About the Inception V3 model pretrained on Kinetics

bityangke commented 7 years ago

Hi Yuanjun, we have checked the caffe model and prototxt file (Inception V3) you released a few days ago. I found that all the decomposed convolution filters(7x7 -> 1x7, 7x1) dimensions are contrary to the inception v3 model I have used （both caffe and tf）e.g. your kernel size are 1x7, 7x1 while they have 7x1, 1x7, yours are 7x1, 1x7 while they have 1x7,7x1. It makes me very confused, because I want to convert your Inception V3 model weights to tensorflow and keras model weights, to let more guys to enjoy the perfect work. I have "converted" the weights to keras(tensorflow backend), but the video test results are not correct.

yjxiong commented 7 years ago

Thanks for the issue. Let me have a look.

Actually, the model architecture is extracted from the released tensorflow protobuf file in Dec. 2016. We retrained the model weights on ImageNet and Kinetics using Caffe.

bityangke commented 7 years ago

@yjxiong Hi Yuanjun, Could you please tell me what mean value you use for your model(rgb and flow)?
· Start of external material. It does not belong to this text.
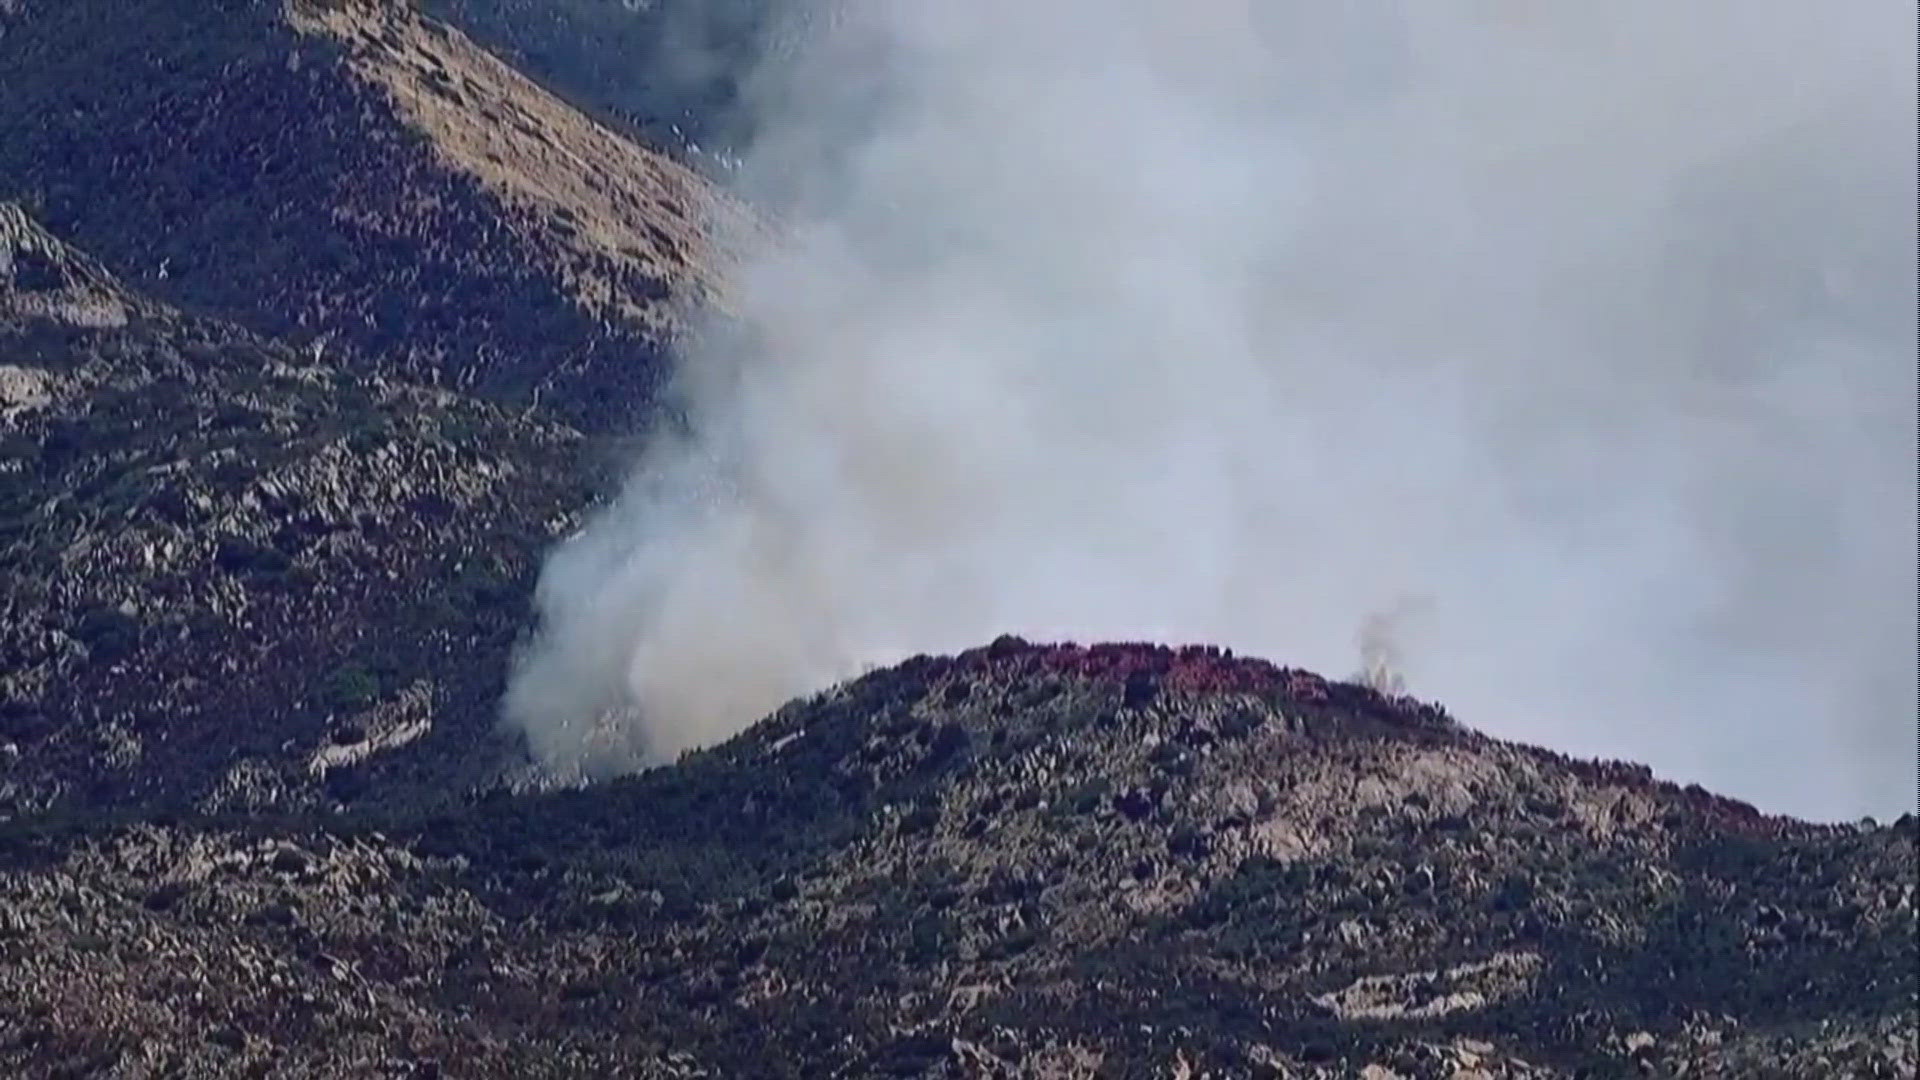 The fire was 25 acres as of around 11:40 a.m. Monday, according to Cleveland National Forest.

Thanks!

yjxiong commented 7 years ago

Hi @bityangke

I think you finding is correct. It's possible that during extraction, I switched the order of the separable filter sizes. But this will not affect the performance as long as we keep to the structure in the Caffe proto. The model achieved 94.15% single crop top-5 accuracy on ILSVRC12. You can modify the original InceptionV3's code to adapt to this change if you would like to use the weights in TF.

The mean values are the same as of other released TSN models.

[104 117 123] for RGB
128 for Flow

bityangke commented 7 years ago

Thanks very much！

bityangke commented 7 years ago

One more question. What input image size you use to crop the 299 x 299 image patch? I think it was 341 x 452, but I am not sure about this. Thanks in advance!
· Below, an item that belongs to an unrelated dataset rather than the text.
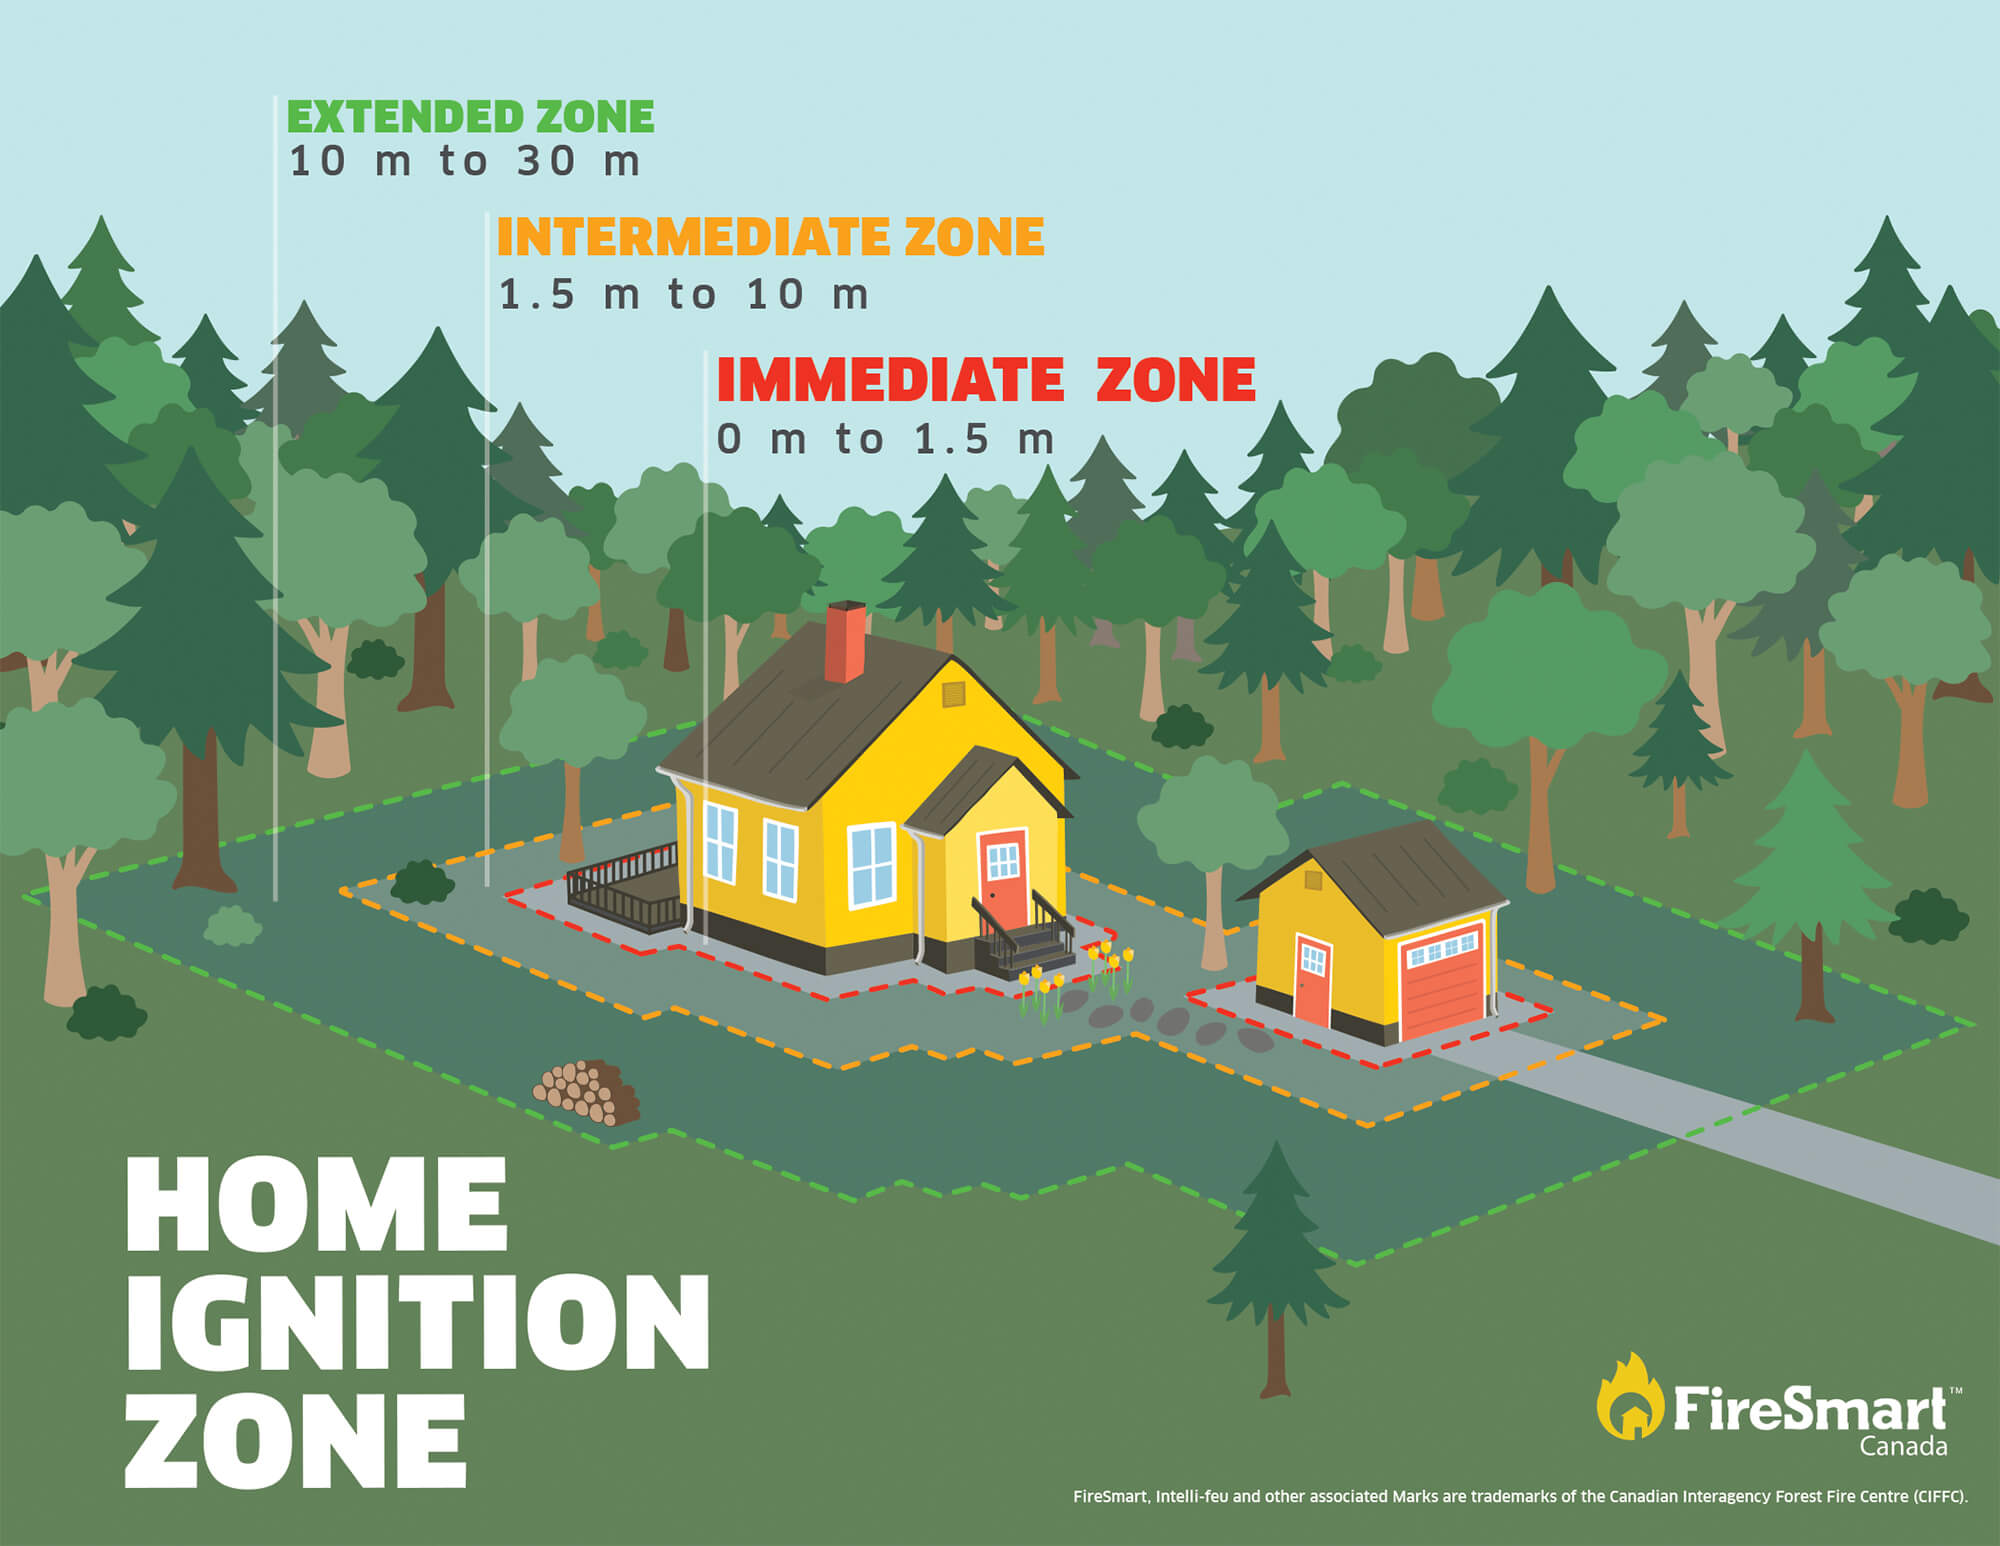 Home ignition zone

yjxiong commented 7 years ago

Yes, you are right. For testing 10-crops, the images are first scaled to width 452 and height 341.

bityangke commented 7 years ago

Do you have any results of these two models finetuing on UCF101? Thanks.

yjxiong commented 7 years ago

@bityangke We have updated the website with finetuning performance on UCF101.

You can find it on http://yjxiong.me/others/kinetics_action/#transfer

bityangke commented 7 years ago

Thanks very much! The performance is amazing! How did you schedule the learning rate for both nets？

Tonyfy commented 6 years ago

@bityangke maybe just keep the learning rate setting same with original TSN training(pretrained by ImageNet).I am launching the finetuning only changing the weights file.

bityangke commented 6 years ago

Thanks for sharing your experiences. @Tonyfy I will try it!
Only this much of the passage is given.